Strange we were hit today by a DDOS to one of our servers inside the network. The transfer was about 55to 60000 packets per second and we saw a 100% cpu utilization . The MT we use is 2.8ghz P4 1gb ram intel gigE 100proMT and onboard intel 10/100 and gige and 2.8.26 (its also an all intel motherboard) . This runs BGP also.
We were hardly able to work on Winbox remotely . Moreover on the 10/100 nic we got 30mbps traffic the 55000 packets per second and we coul dbarely work on the router.
Moving all traffic to the other gigE we were able to work a little with the system though cpu remained at 100%. Null routing the targeted server helped us come back in control .
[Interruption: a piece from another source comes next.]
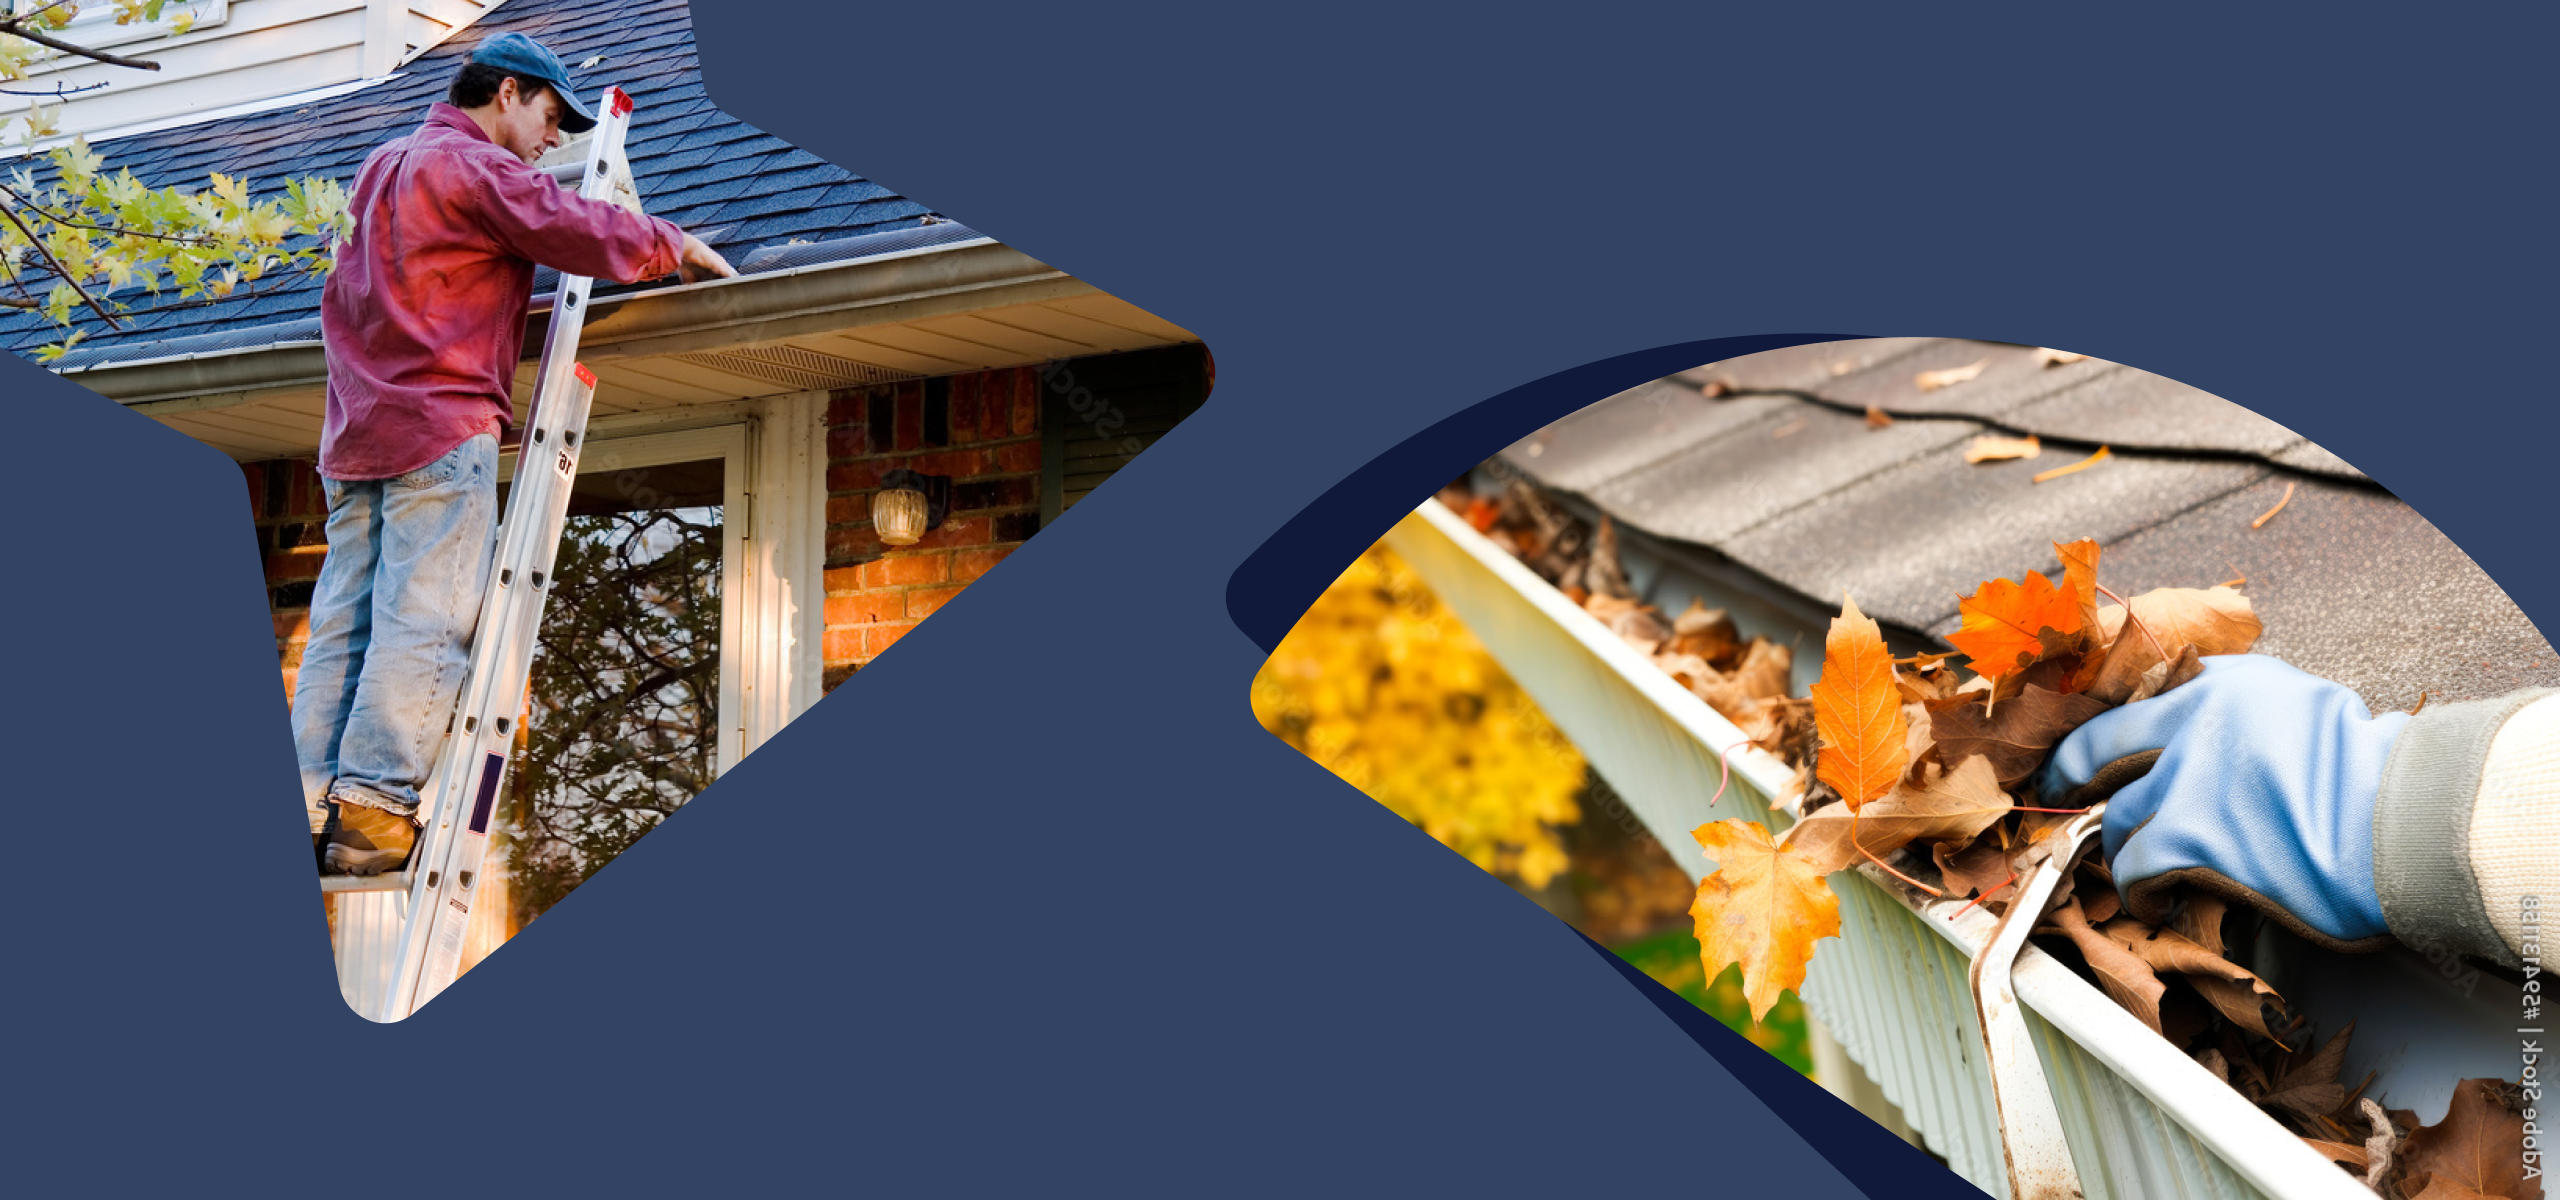 Hiring a Gutter Cleaner for Your Rental

What I would like to understand is how do we prevent this from happenign next time and stop these kind of disruptions, do we need to upgrade anything in the router ?
Also whats the max pps MT can do keeping in mind we do plain routing and a few (30-40) policy routes.
Over the past few years we have had some ddos attacks as well… things I’ve found that help:
Turn off firewall logging if possible. Logging will kill the router under a high pps load where everything is getting dropped. We we’re seeing 200,000pps once and it almost handled it after turning off logging.
Limit the amount of firewall rules you have in place. Do not drop everything and then allow certain things… just allow what you need and drop the rest. Very simplistic if possible.
Do not use queues on the border router.
Do not use bgp on the firewall router.
Do not use NAT.
Create some synflood rules.
Change the connection tracking to be agressive… or just turn it off if its not needed.
Separate your border router from your core router / firewalls.